Existing literature suggests that the impact of foreign-invested firms on the domestic economy can vary. For example, if a highly productive firm were to enter the market, it could either seize the market shares of local competitors (negative effect), or spillover technology and management know-how (positive effect). To answer which effect is dominant in Korea, the registry of foreign-invested firms was merged with the economic census for two critical service industries: IT and business services. Both services create relatively high value-added and have a strong complementarity with manufacturing, yet they suffer from persistent low productivity. Subsequently, an analysis was conducted on how foreign entry in these two markets affects employment, sales, and exit of domestic incumbents as well as the entry of new domestic firms. The entry-driven changes in industrial productivity are also investigated.
This study finds that the entry of foreign-invested firms has, on average, driven down the productivity, sales and wage growth of domestic firms.
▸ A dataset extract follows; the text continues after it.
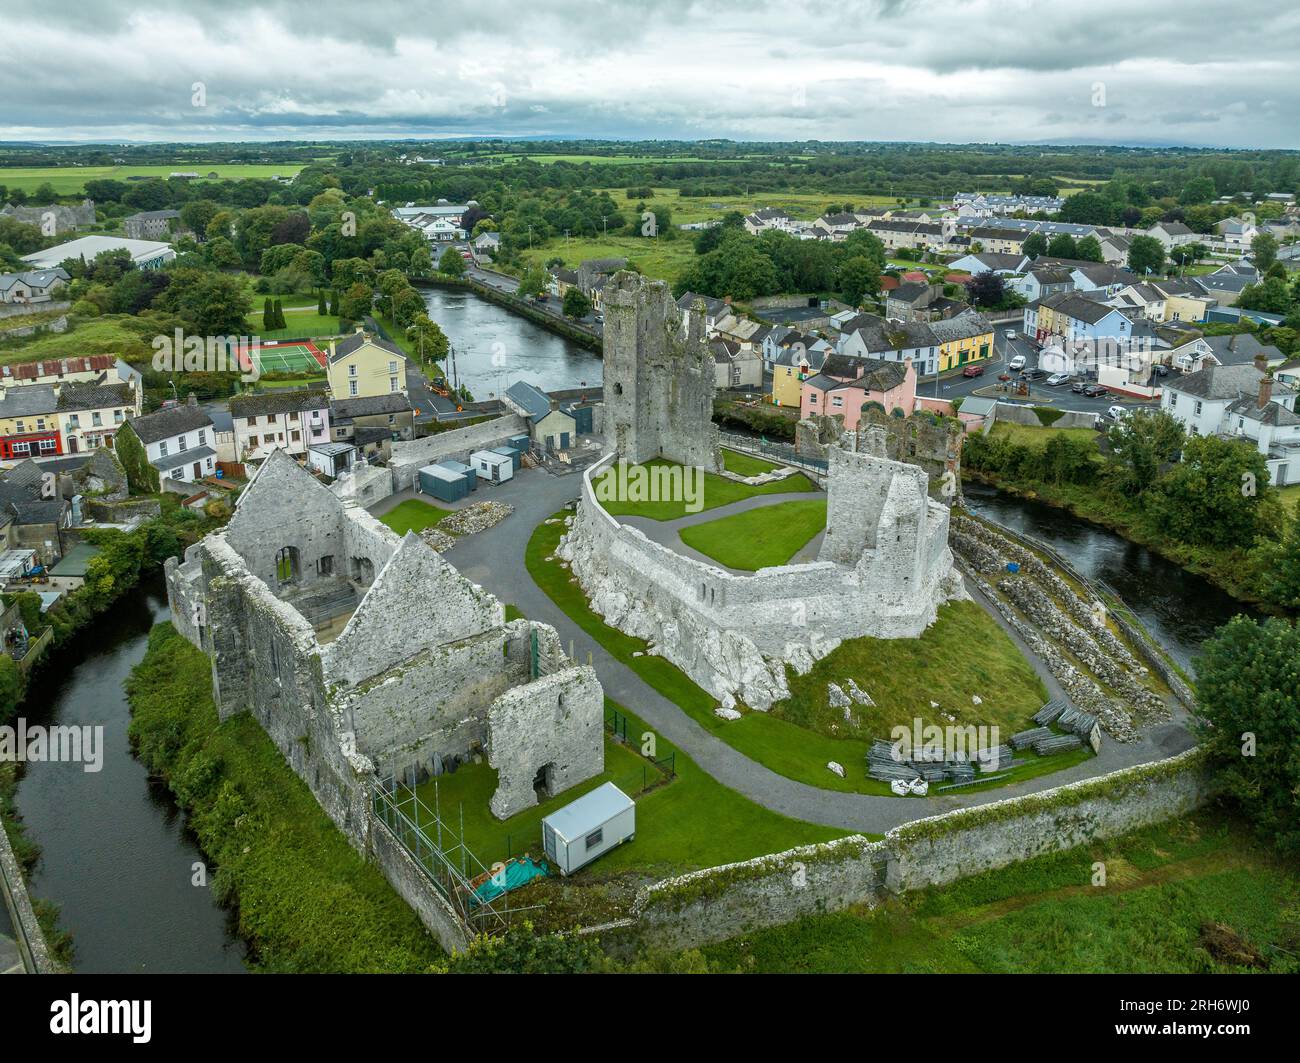 Aerial view of the Desmond castle in Askeaton Ireland in County Limerick on the river Deel, with Gothic Banqueting Hall, finest medieval secular build Stock Photo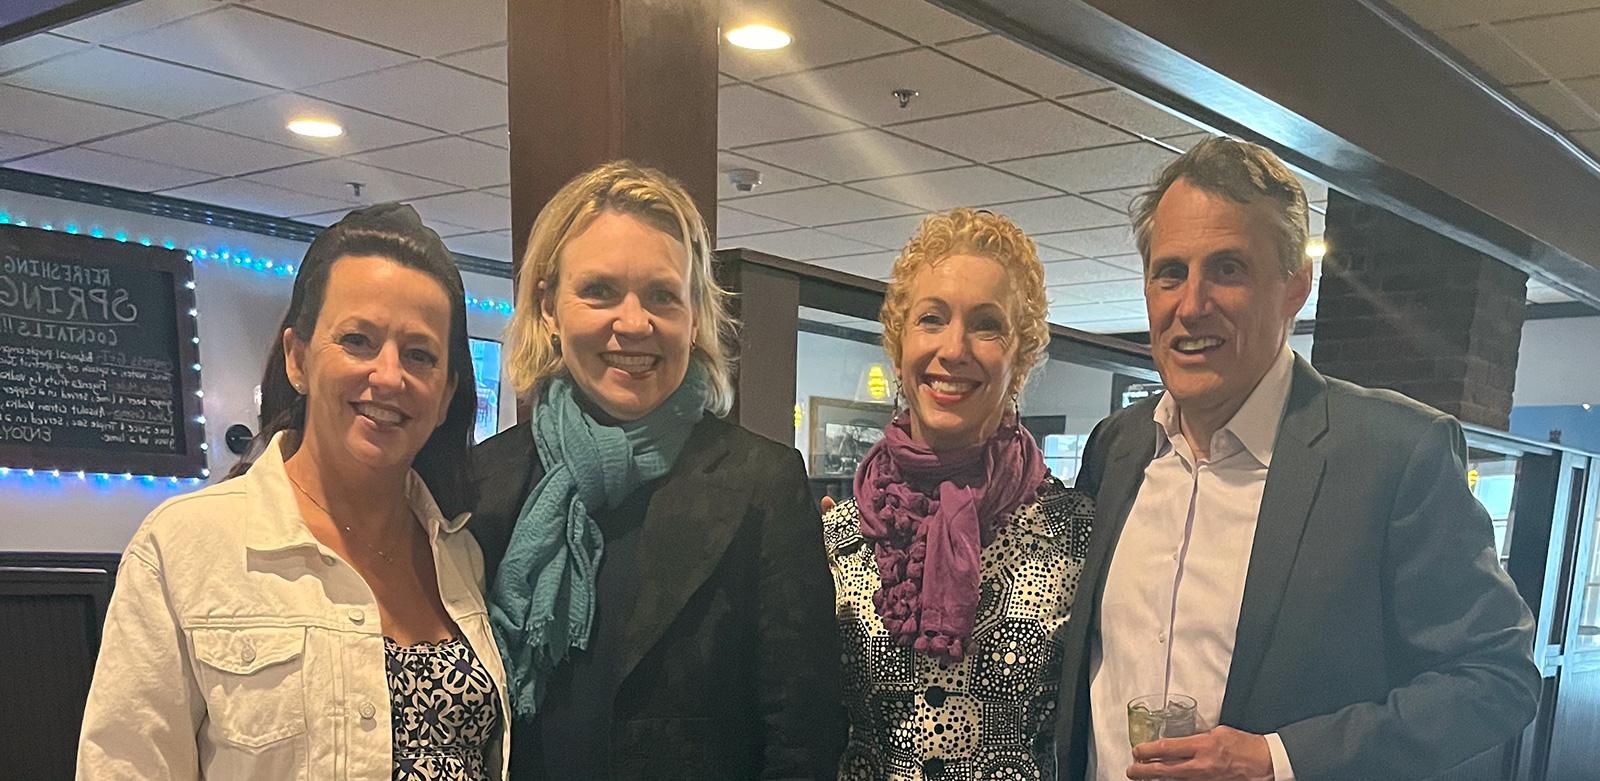 Tom Tansi '85, Amy d'Ablemont Burnes '85, Molly Hussman Ellis '85 and Leslie d'Ablemont Feeley '88 met in Connecticut this summer.

However, some highly productive firms have shown improvements in all three categories, indicating that foreign entry has a heterogeneous effect on local businesses. Other important findings include the fact that employment adjustment was relatively less responsive to foreign entry, and also that the exit of domestic firms was not significantly affected. In sum, the entry of foreign-invested firms did not contribute to improving the aggregate productivity of local industries as it failed to facilitate the market entry and exit of domestic firms who play a major role in the reallocation of labor.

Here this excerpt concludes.